A 24 foot ladder is leaning against a building. Let x be the distance between the bottom of the ladder and the building and let theta be the angle between the ladder and the ground.

a)Express theta as a function of x.

cos theta = x/24
theta = arccos(x/24) correct/incorrect?

b)When the angle is 40 degrees (2 Pi/9 radians) how big is x?

40 degrees = arccos(x/24)
cos(40 deg.)= cos(arccos)(x/24)
x= 18.385 feet coorect/incorrect?

c)Suppose the bottom of the ladder is sliding away from the wall at a rate of 2 ft/sec. When x=6, how fast is theta(in radians/sec.) changing?

I really don't know about this last part... help/hints would be greatly appreciated! Seems sort of like a physics problem.

your a) and b) are correct

c) write your opening equation as
x = 24cosØ
differentiate with respect to t, (t in seconds)

dx/dt = -24sinØ dØ/dt (#1)

we are given dx/dt = 2 when x = 6
when x=6 we can get the height h of the triangle by Pythagoras h^2 + 6 ^2 = 24^2
h = √540 and sinØ = √540/24

so from #1
dØ/dt = (dx/dt) / (-24sinØ)
= 2/(-24(√540/24)
= -2/√540 radians/sec or appr. -0.086 radians/sec

You titled your subject as "Calculus".
This last part belongs to a part of Calculus called,
"Rates of Change" or "Related Rates"
Several chapters of your text should be devoted to it, depending on the depth of the course.

a) Expressing theta as a function of x:

Yes, your expression for theta is correct. The cosine function relates the adjacent side (x) to the hypotenuse (24) of the right triangle formed by the ladder, the wall, and the ground. Therefore, theta can be expressed as theta = arccos(x/24).
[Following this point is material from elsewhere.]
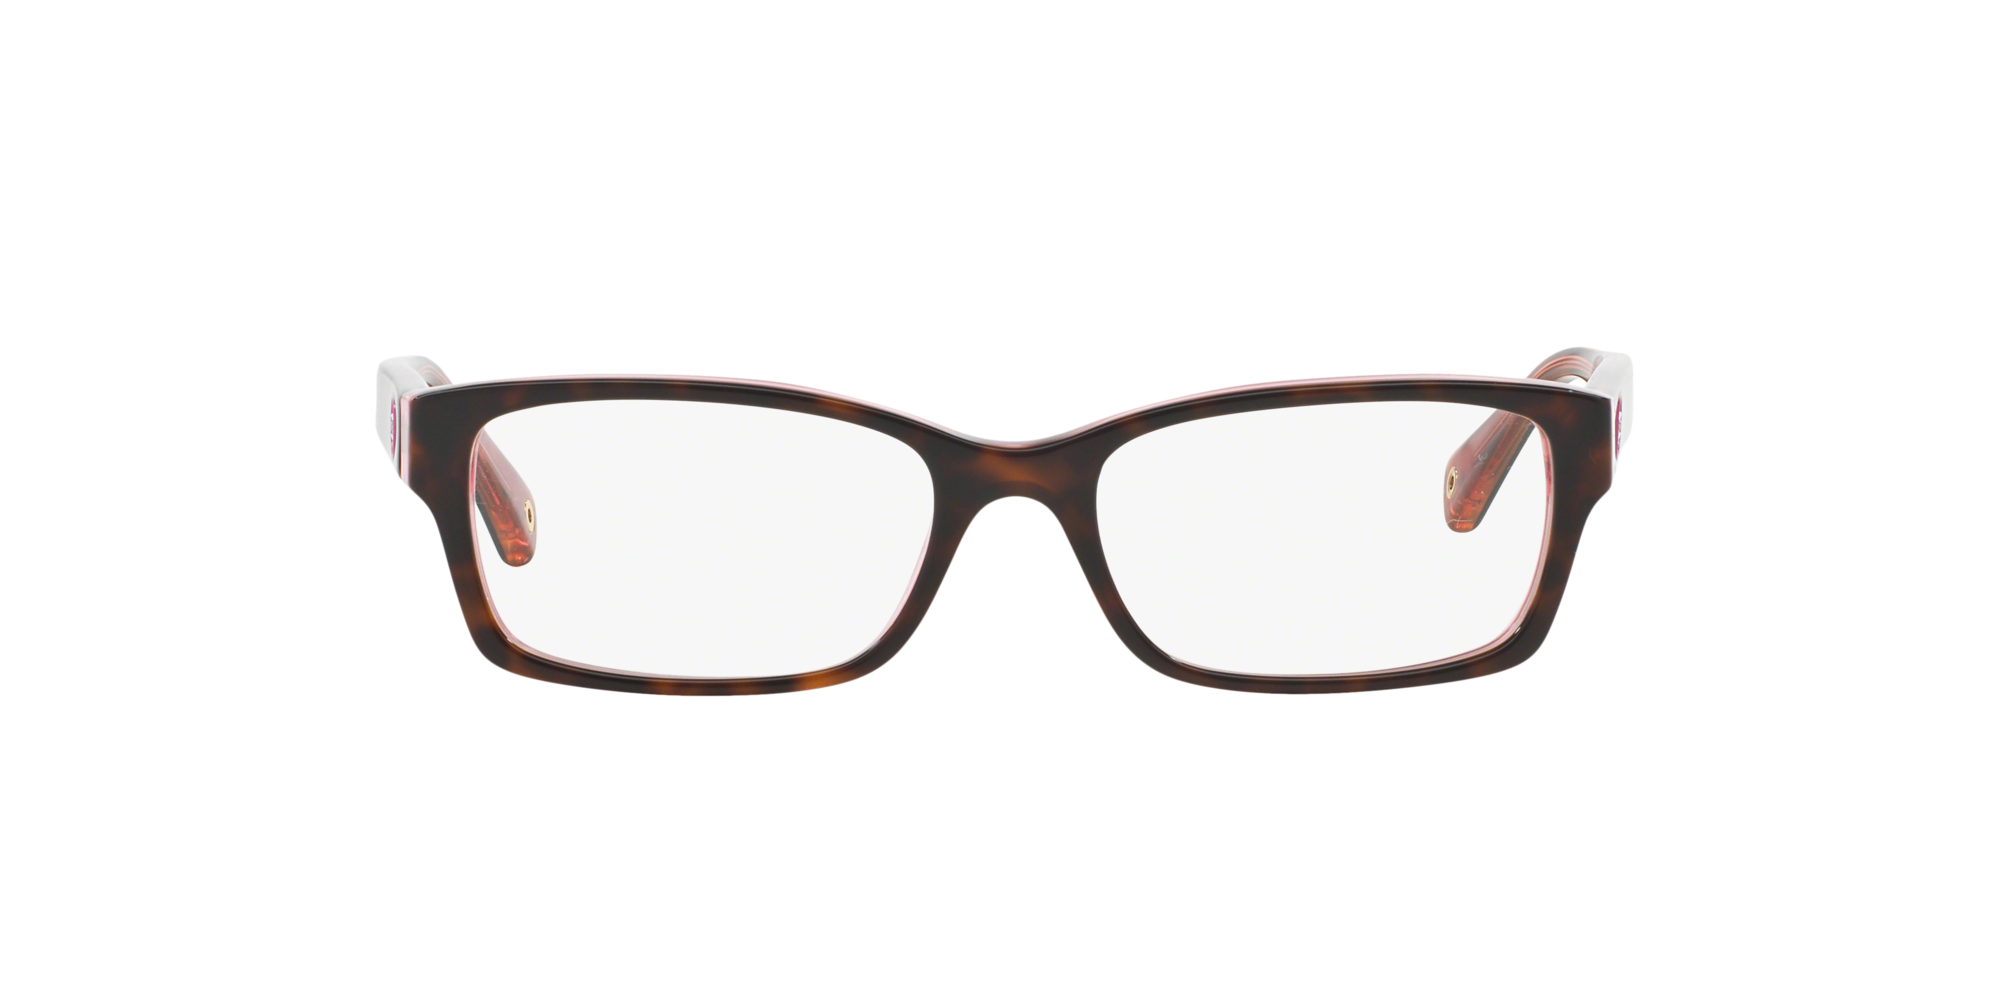 Image for HC6040 from LensCrafters | Glasses, Prescription Glasses Online, Eyewear

b) Finding the value of x when theta is 40 degrees:
To find the value of x, you can use the equation you derived from part (a): cos(theta) = x/24. Plugging in theta = 40 degrees (or 2 Pi/9 radians) gives us:
cos(40 degrees) = x/24
x = cos(40 degrees) * 24
x ≈ 18.39 feet

Your answer of x ≈ 18.385 feet is almost accurate, just rounded to the nearest thousandth.

c) Finding how fast theta is changing when x = 6:
This part involves finding the rate of change of theta with respect to time. Since the bottom of the ladder is sliding away from the wall at a rate of 2 ft/sec, we need to find d(theta)/dt, the rate of change of theta with respect to time.

To do this, we can differentiate the equation from part (a) with respect to time (t). Since x is changing, we consider x to be a function of time x(t).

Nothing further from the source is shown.